=== Action item ===
The response should consist of every line below, restated exactly, with no pictures.

=== Provided data ===
=== Section Start ===

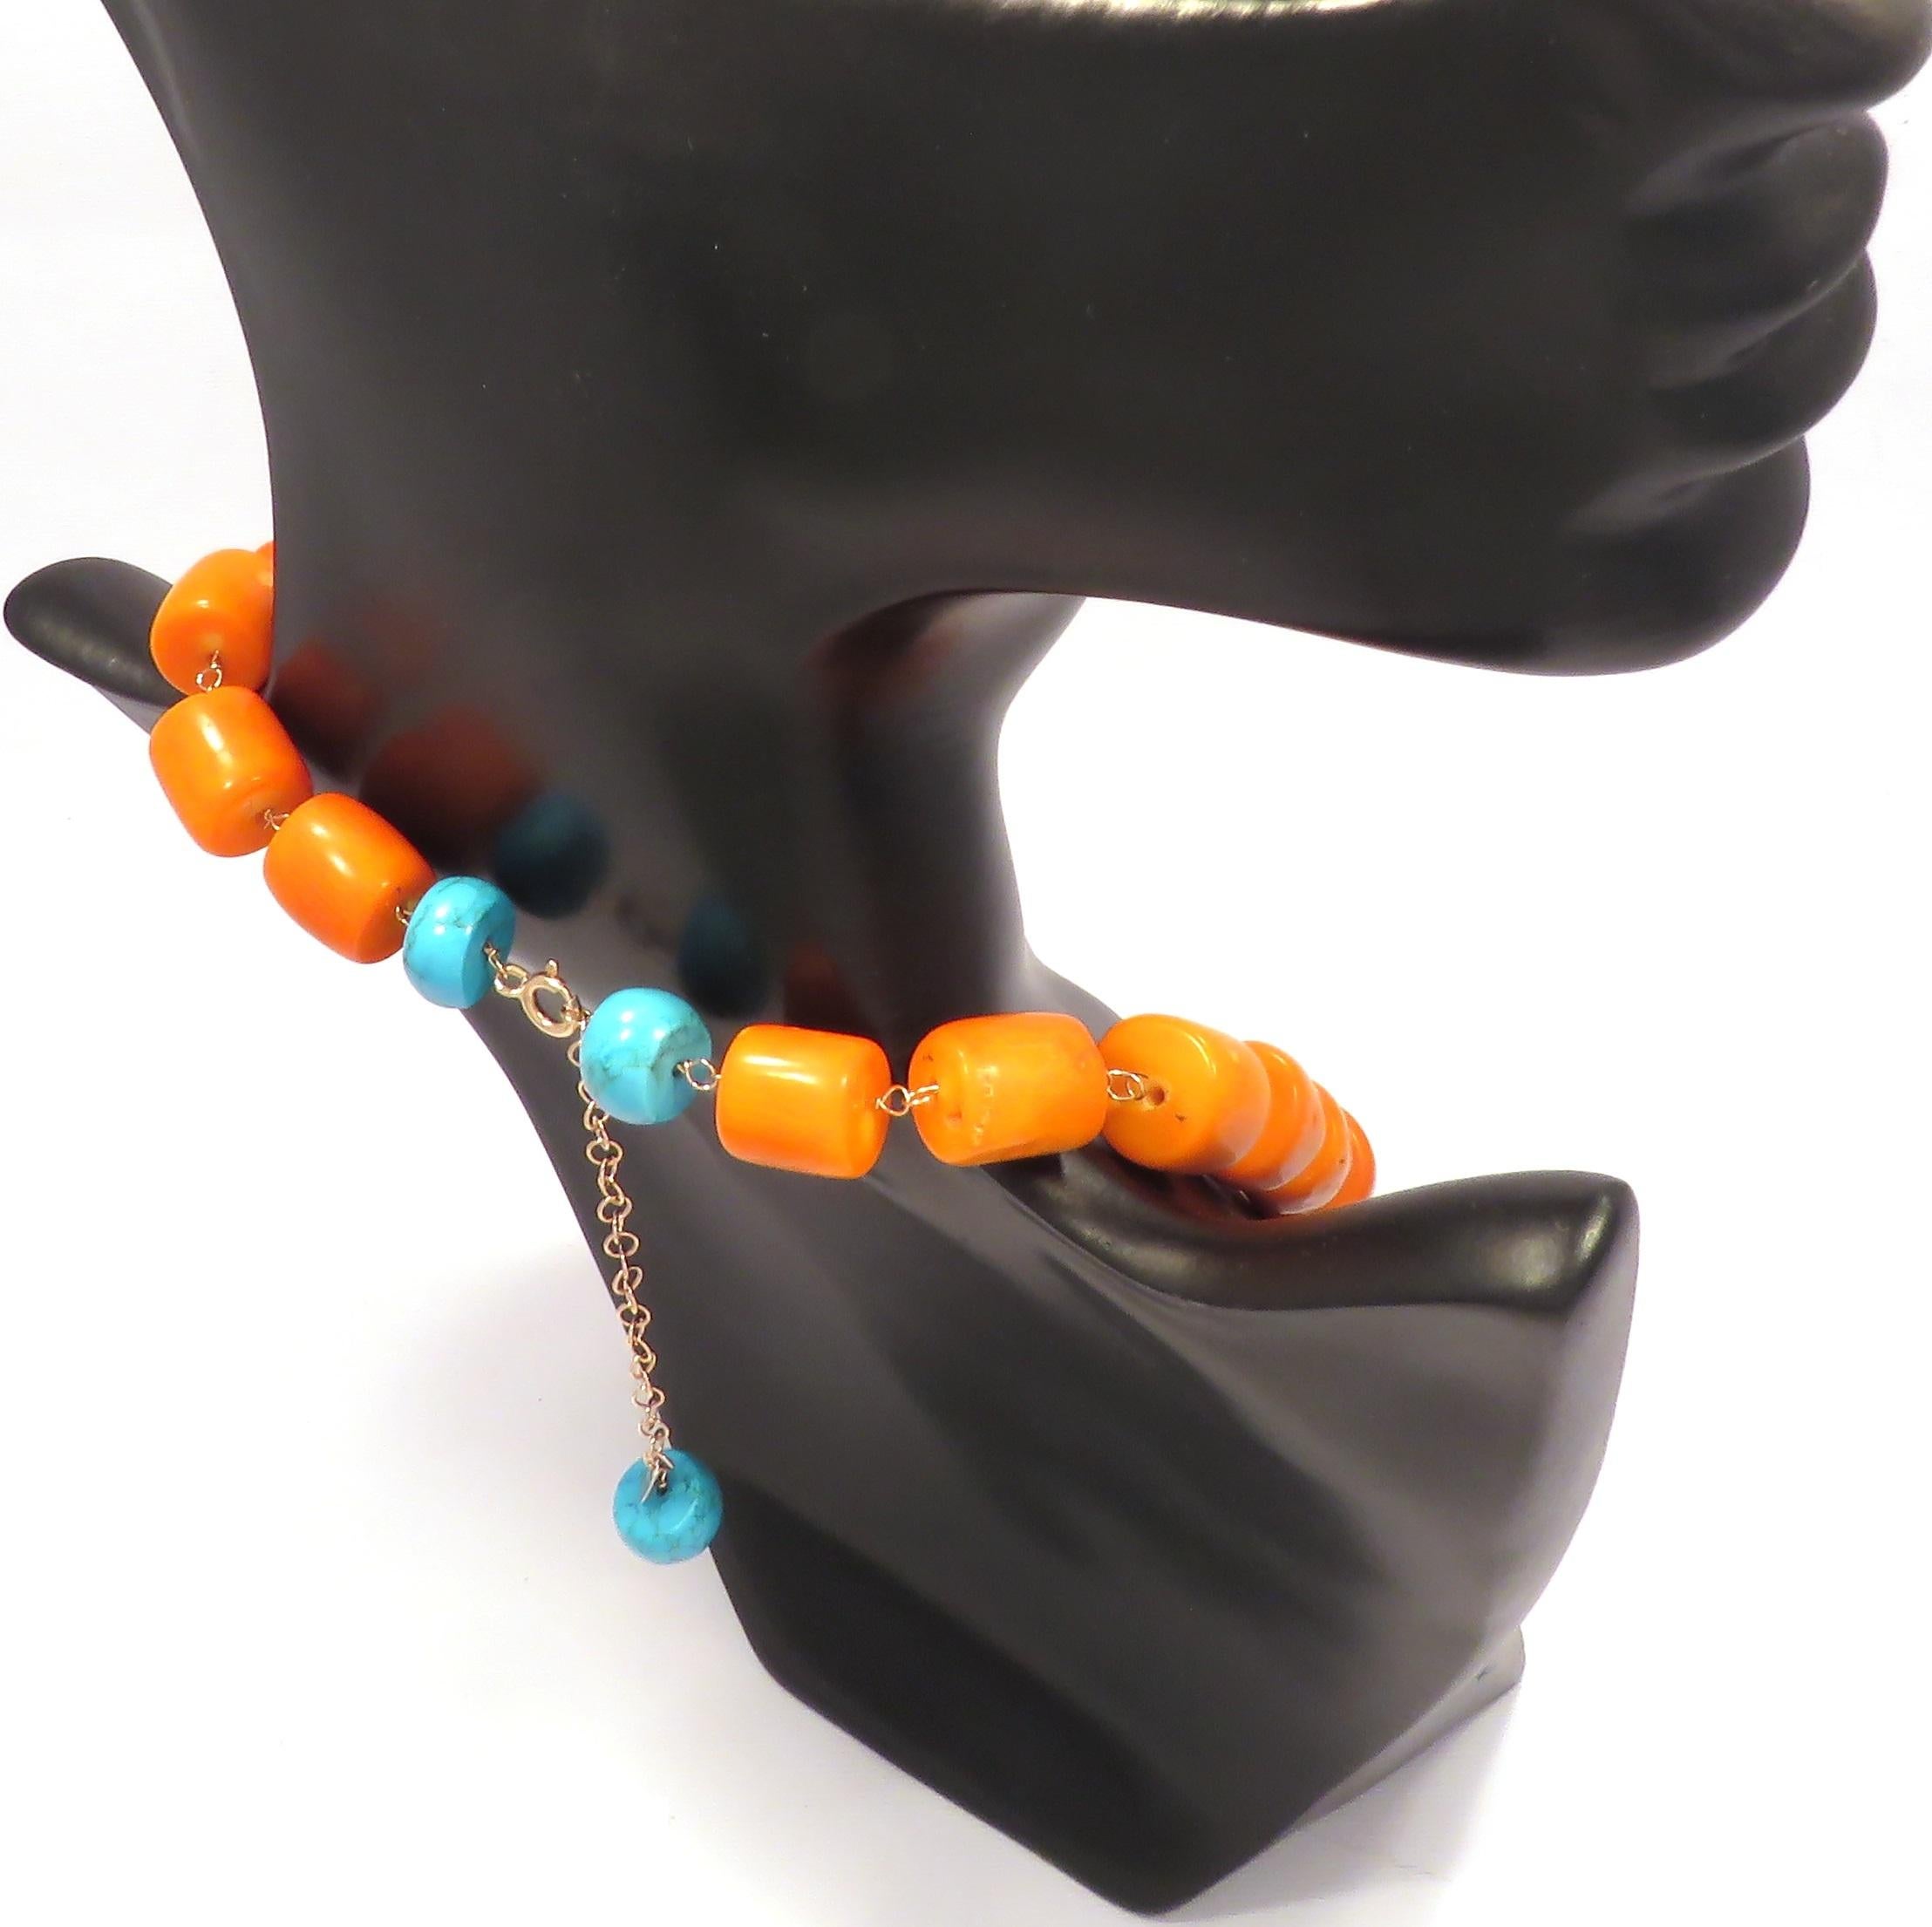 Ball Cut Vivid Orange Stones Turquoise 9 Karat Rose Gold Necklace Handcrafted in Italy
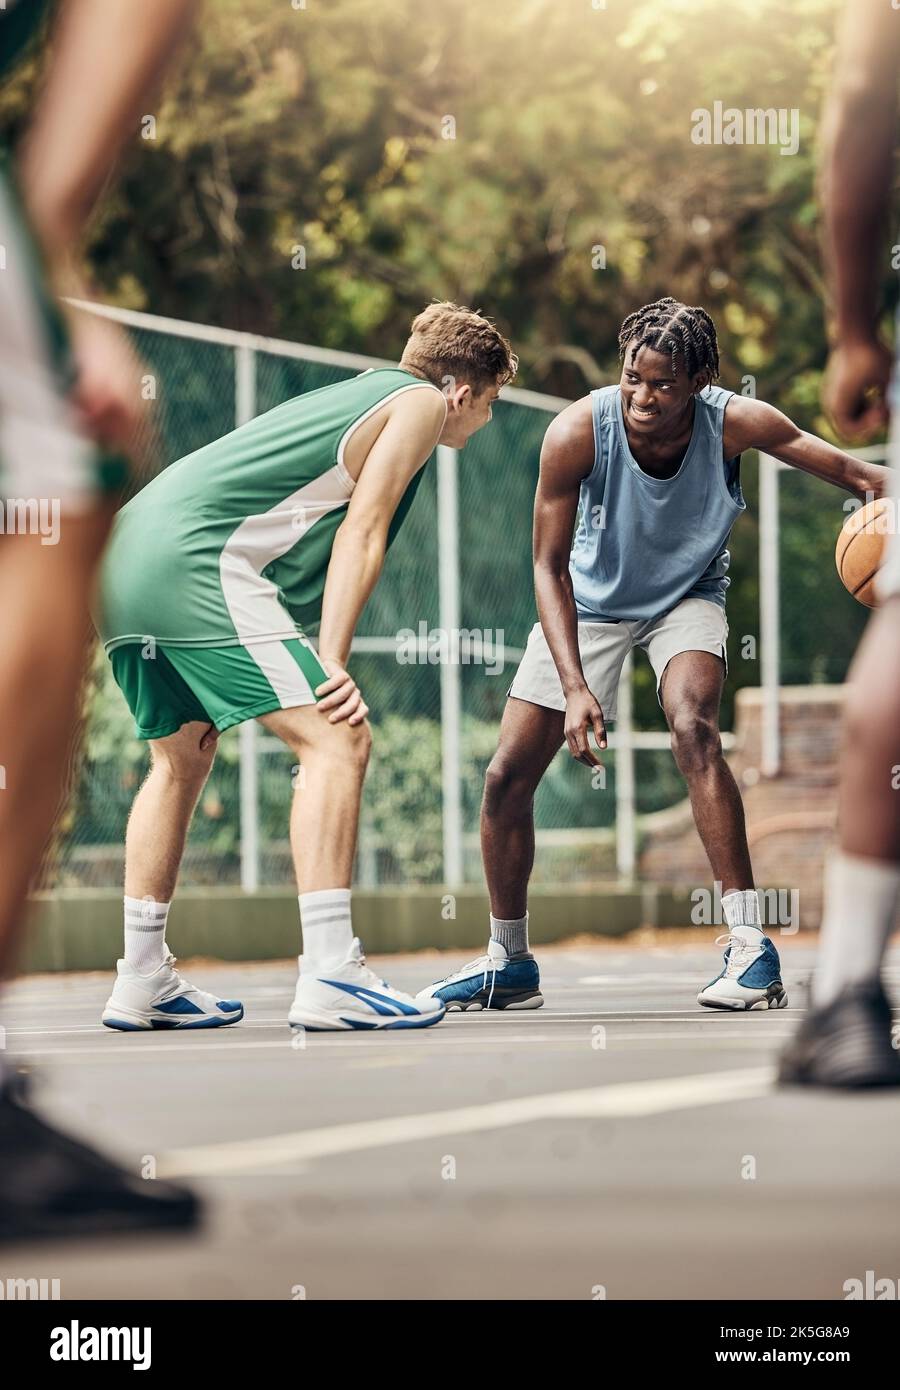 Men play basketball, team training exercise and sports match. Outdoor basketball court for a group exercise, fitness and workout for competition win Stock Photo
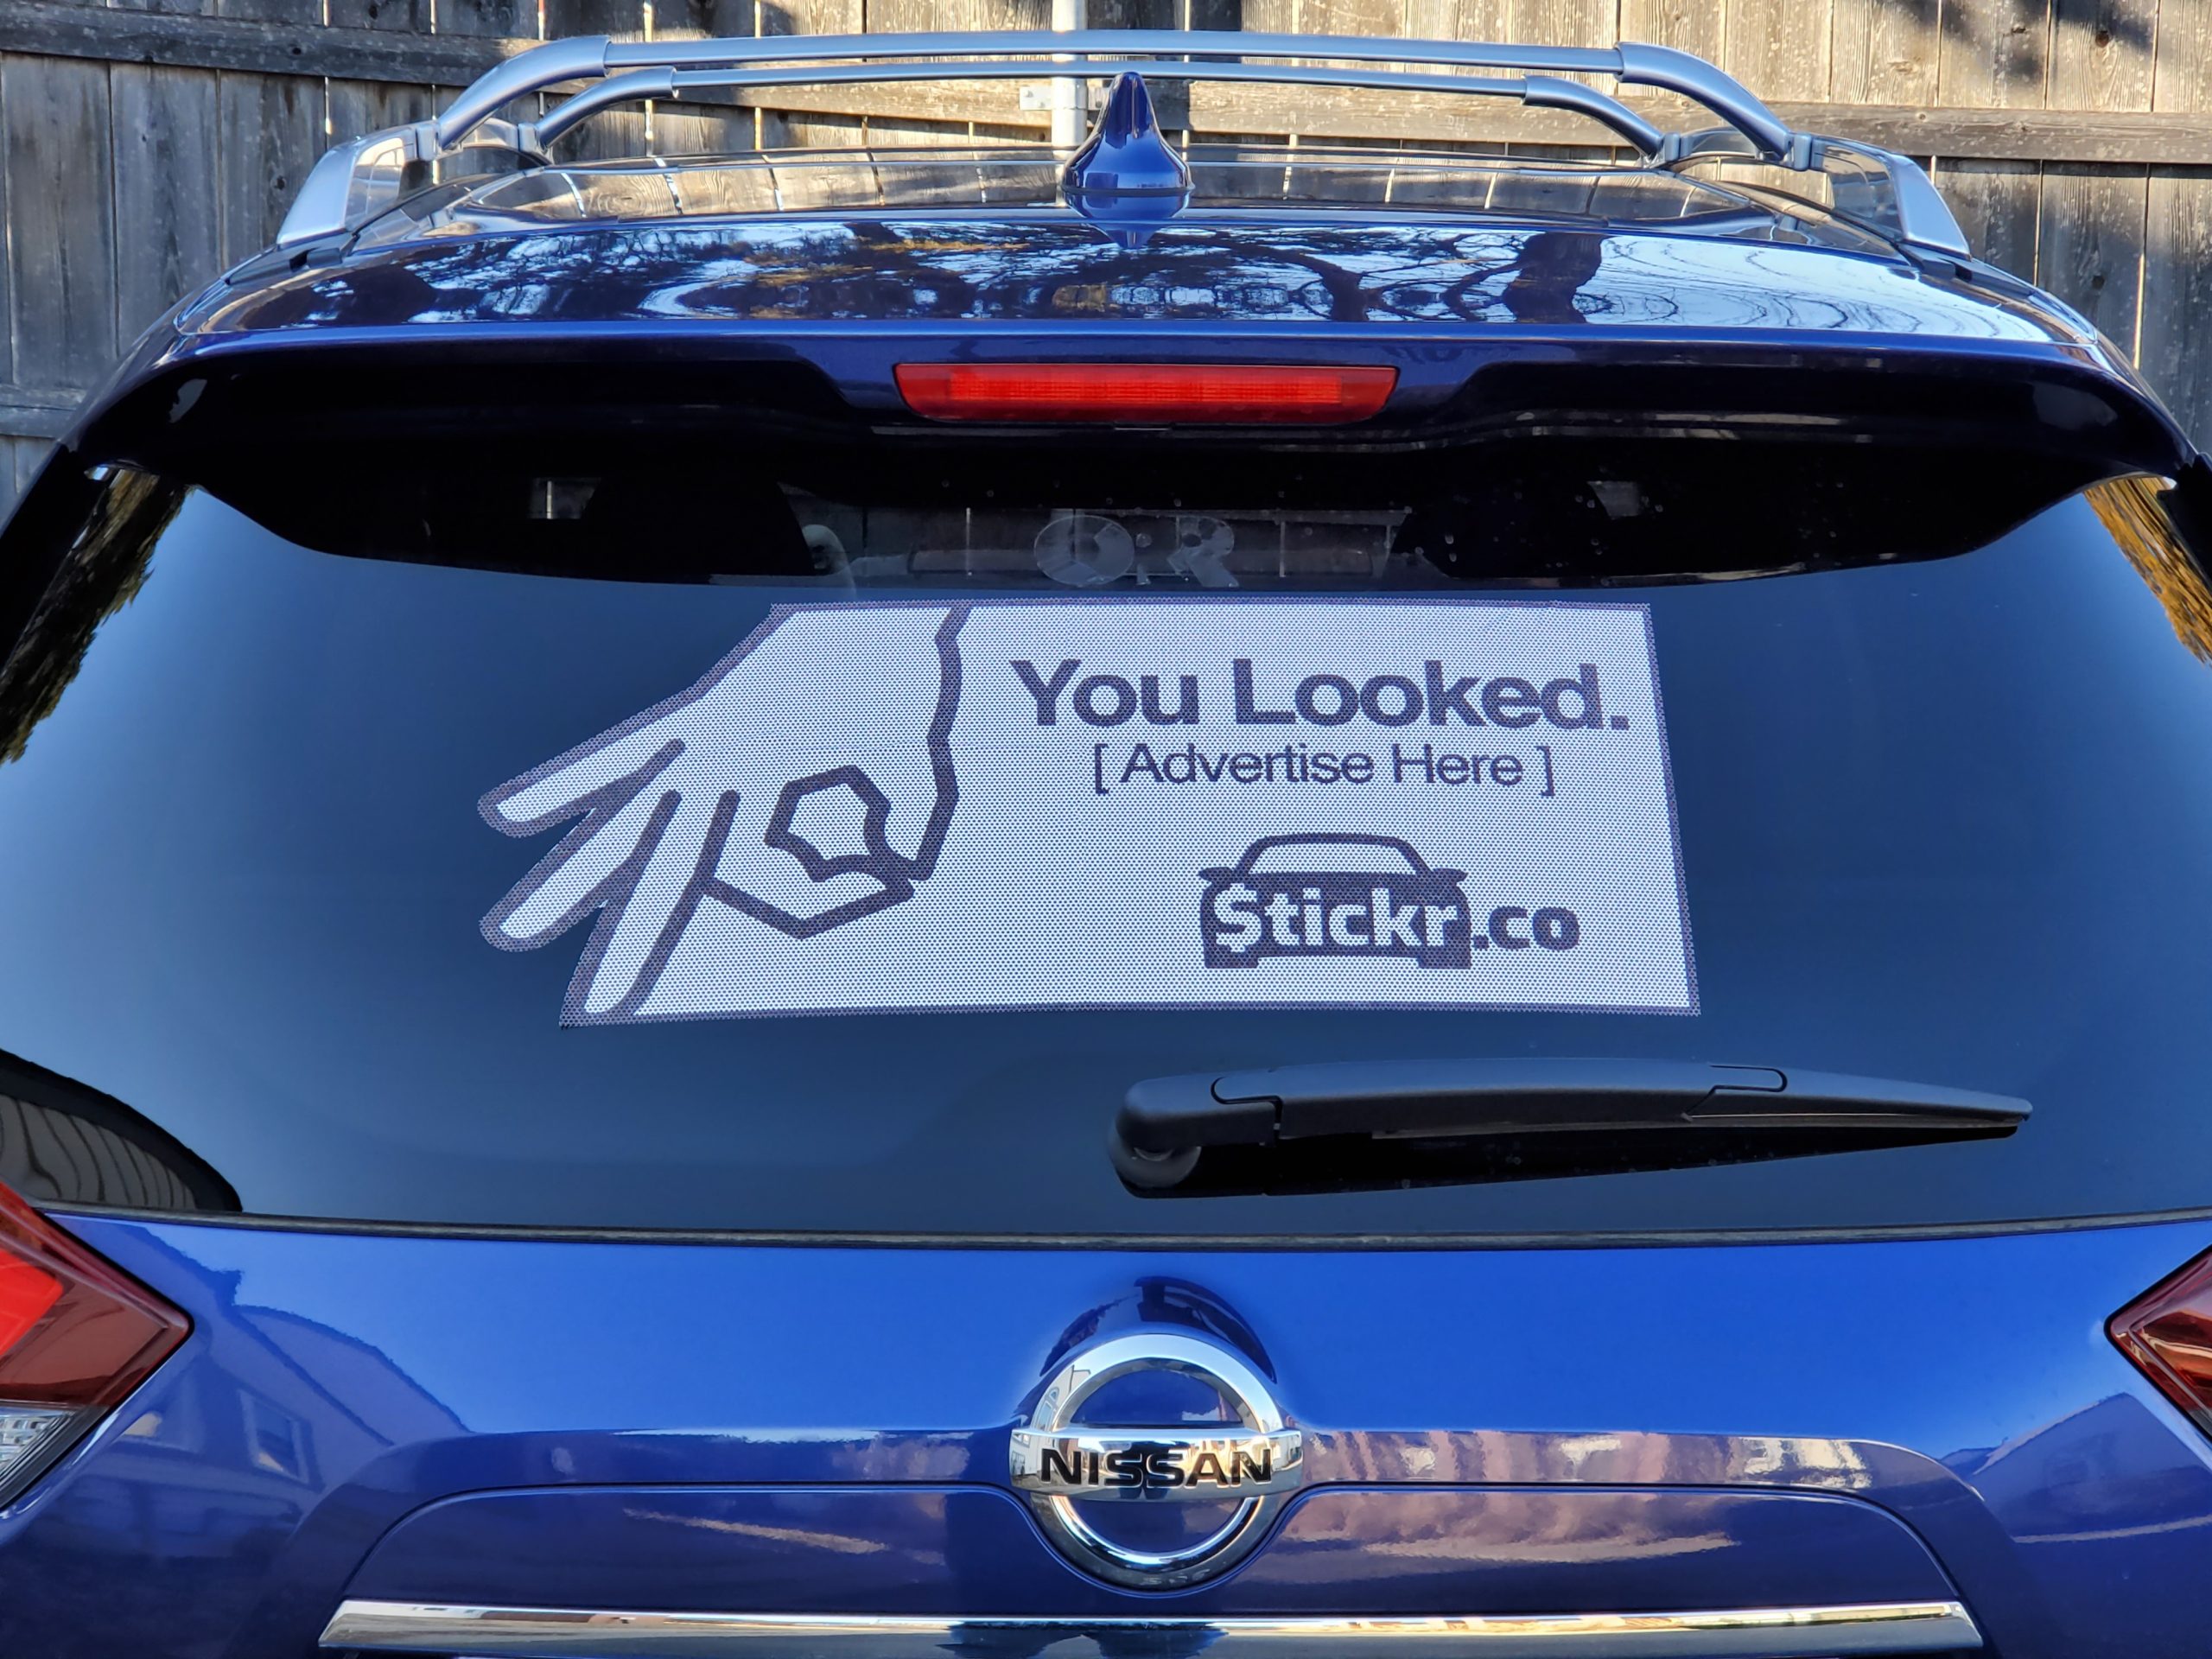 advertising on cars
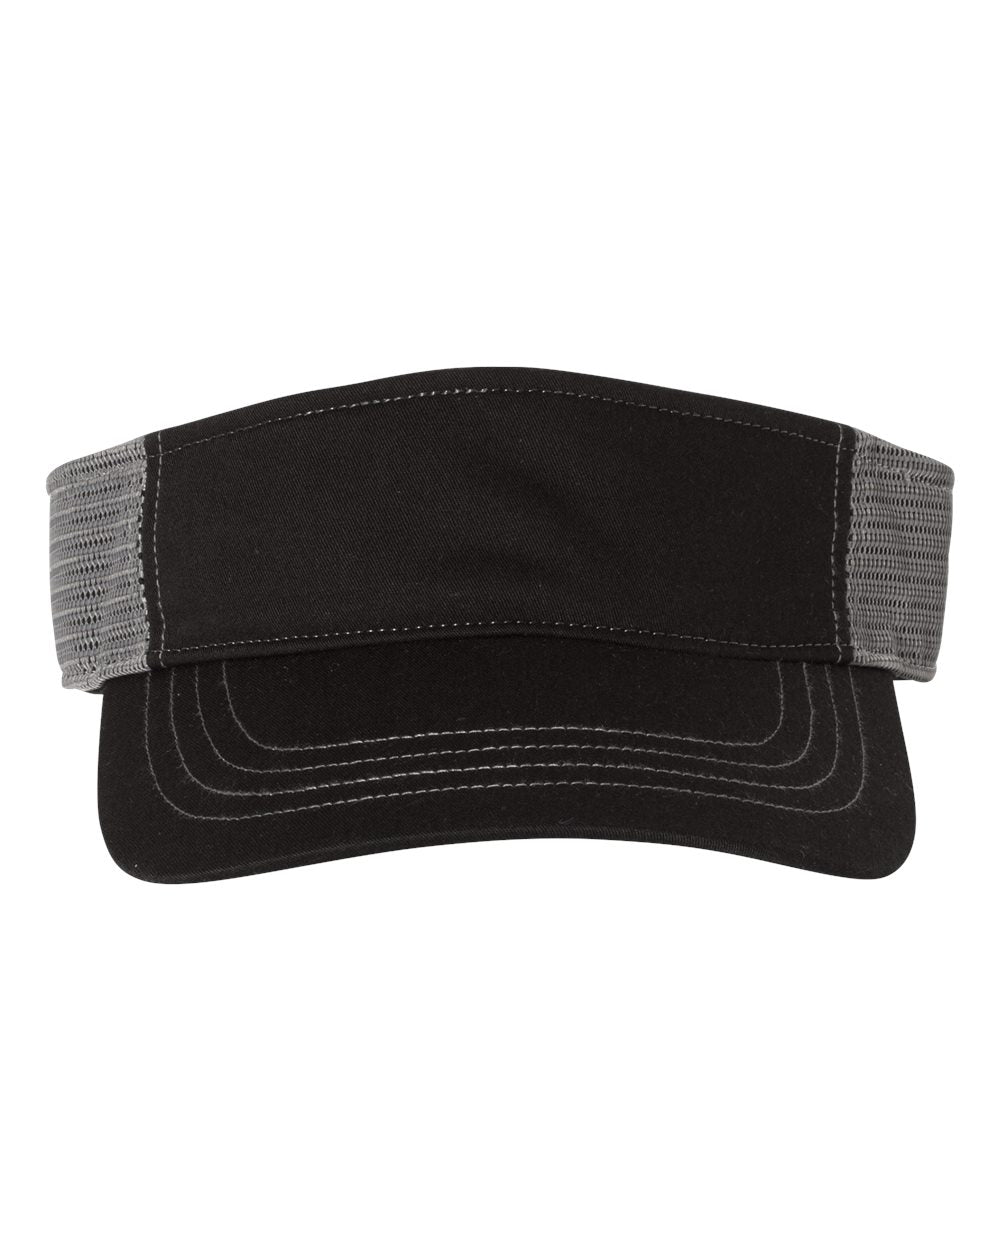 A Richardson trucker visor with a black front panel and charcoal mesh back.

=== Section End ===

=== Exercise response ===
 Ball Cut Vivid Orange Stones Turquoise 9 Karat Rose Gold Necklace Handcrafted in Italy
 Men play basketball, team training exercise and sports match. Outdoor basketball court for a group exercise, fitness and workout for competition win Stock Photo
 advertising on cars
 A Richardson trucker visor with a black front panel and charcoal mesh back.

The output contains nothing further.